A cubicle is an enclosed office that is separated from neighboring workspaces, with partitions that are usually 5–6 ft tall. Its purpose is to isolate office workers and managers from the sights and noises of an open workspace so that they may concentrate with fewer distractions. Cubicles are composed of modular elements such as walls, work surfaces, overhead bins, drawers, and shelving, which can be configured depending on the user's needs. Installation is generally performed by trained personnel, although some cubicles allow configuration changes to be performed by users without specific training.

Modern cubicles are usually equipped with a computer, monitor, keyboard and mouse on the work surface. Additionally, cubicles typically have a desk phone. Since many offices use overhead fluorescent lights to illuminate the office, cubicles may or may not have lamps or other additional lighting. Other furniture often found in cubicles includes office chairs and filing cabinets.

The office cubicle was created by designer Robert Propst in Scottsdale, AZ for Herman Miller, and released in 1967 under the name "Action Office II". Although cubicles are often seen as being symbolic of work in a modern office setting due to their uniformity and blandness, they afford the employee a greater degree of privacy and personalization than in previous work environments, which often consisted of desks lined up in rows within an open room. They do so at a lower cost than individual, private offices. In some office cubicle workspaces, employees can decorate the walls of their cubicle with posters, pictures and other items.

A cubicle is also called a cubicle desk, office cubicle, cubicle workstation, or simply a cube. An office filled with cubicles is sometimes called a sea of cubicles, and additionally called pods (such as 4-pod or 8-pod of cubes) or a cube farm. Although humorous, the phrase usually has negative connotations. Cube farms are found in multiple industries including technology, insurance, and government offices.

== Etymology ==
The term cubicle comes from the Latin cubiculum, for bed chamber. It was used in English as early as the 15th century. It eventually came to be used for small chambers of all sorts, and for small rooms or study spaces with partitions which do not reach to the ceiling. Like the older carrel desk, a cubicle seeks to give a degree of privacy to the user while taking up minimal space in a large or medium-sized room.

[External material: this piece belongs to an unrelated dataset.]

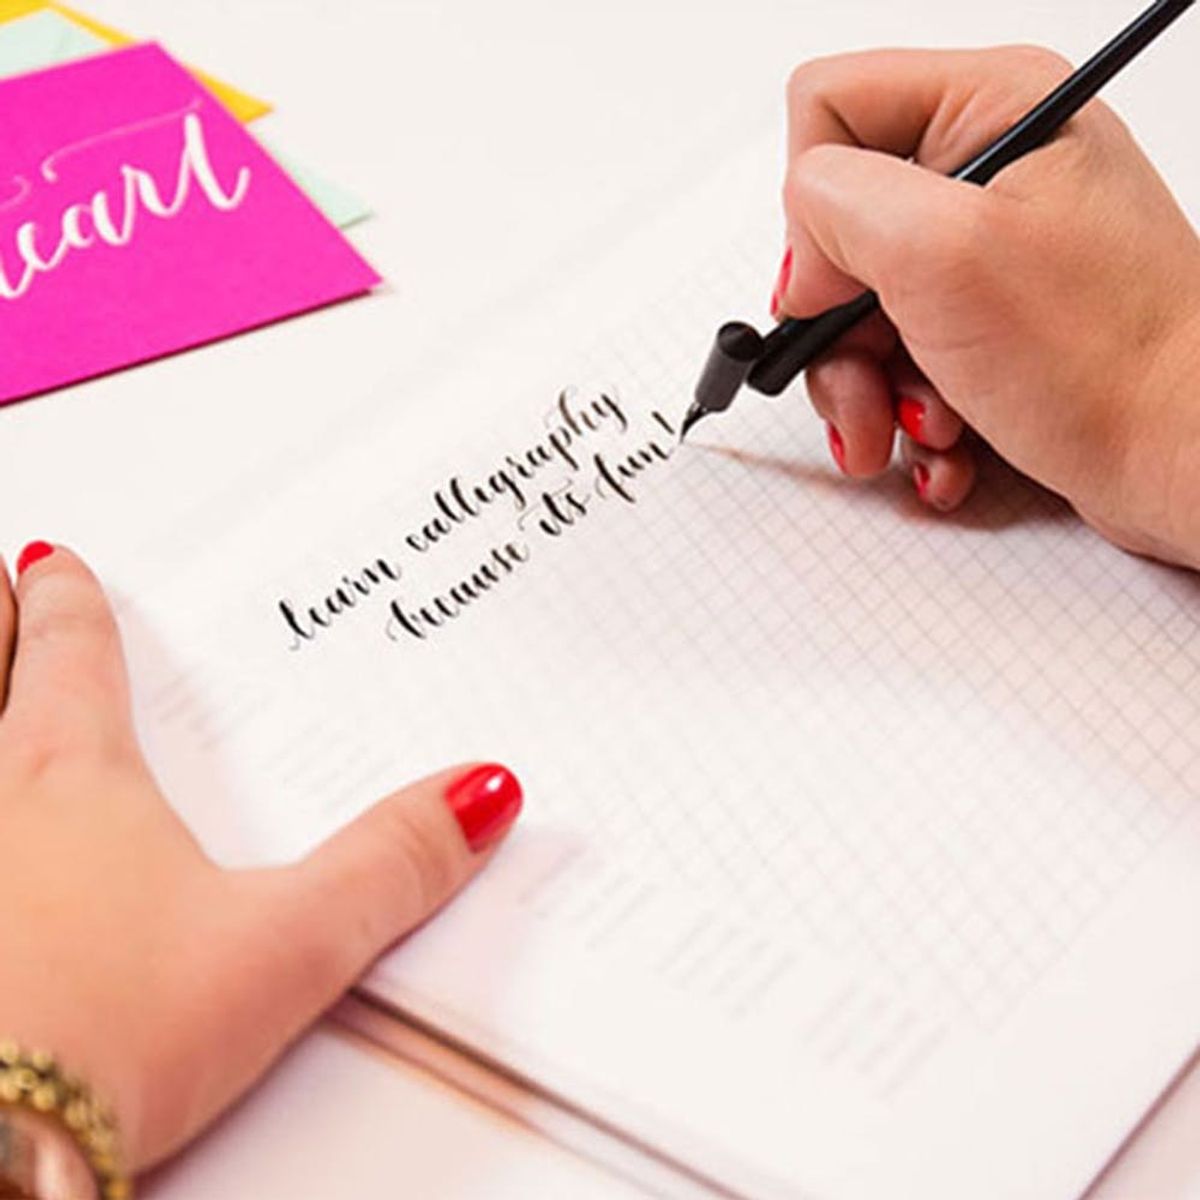 This Online Class Will Transform You Into a Calligraphy Pro

A satirical joke in the 1870 edition of Punch, or the London Charivari magazine uses "cubicle" in the context of an advertisement for a college dormitory - "The dormitories separate cubicles." The joke appears to ridicule the overly studious word, asking, "But stay, what is a cubicle? Did we ever sleep in a cubicle? No; we should as soon have thought of slumber in a bicycle." The article goes on to explain the Latin origin of the word "cubicle" and its definition.

In 1879, the word "cubicle" appeared in reference to electrical engineering, referring to what is today known as electrical enclosures for switchgears and circuit breakers.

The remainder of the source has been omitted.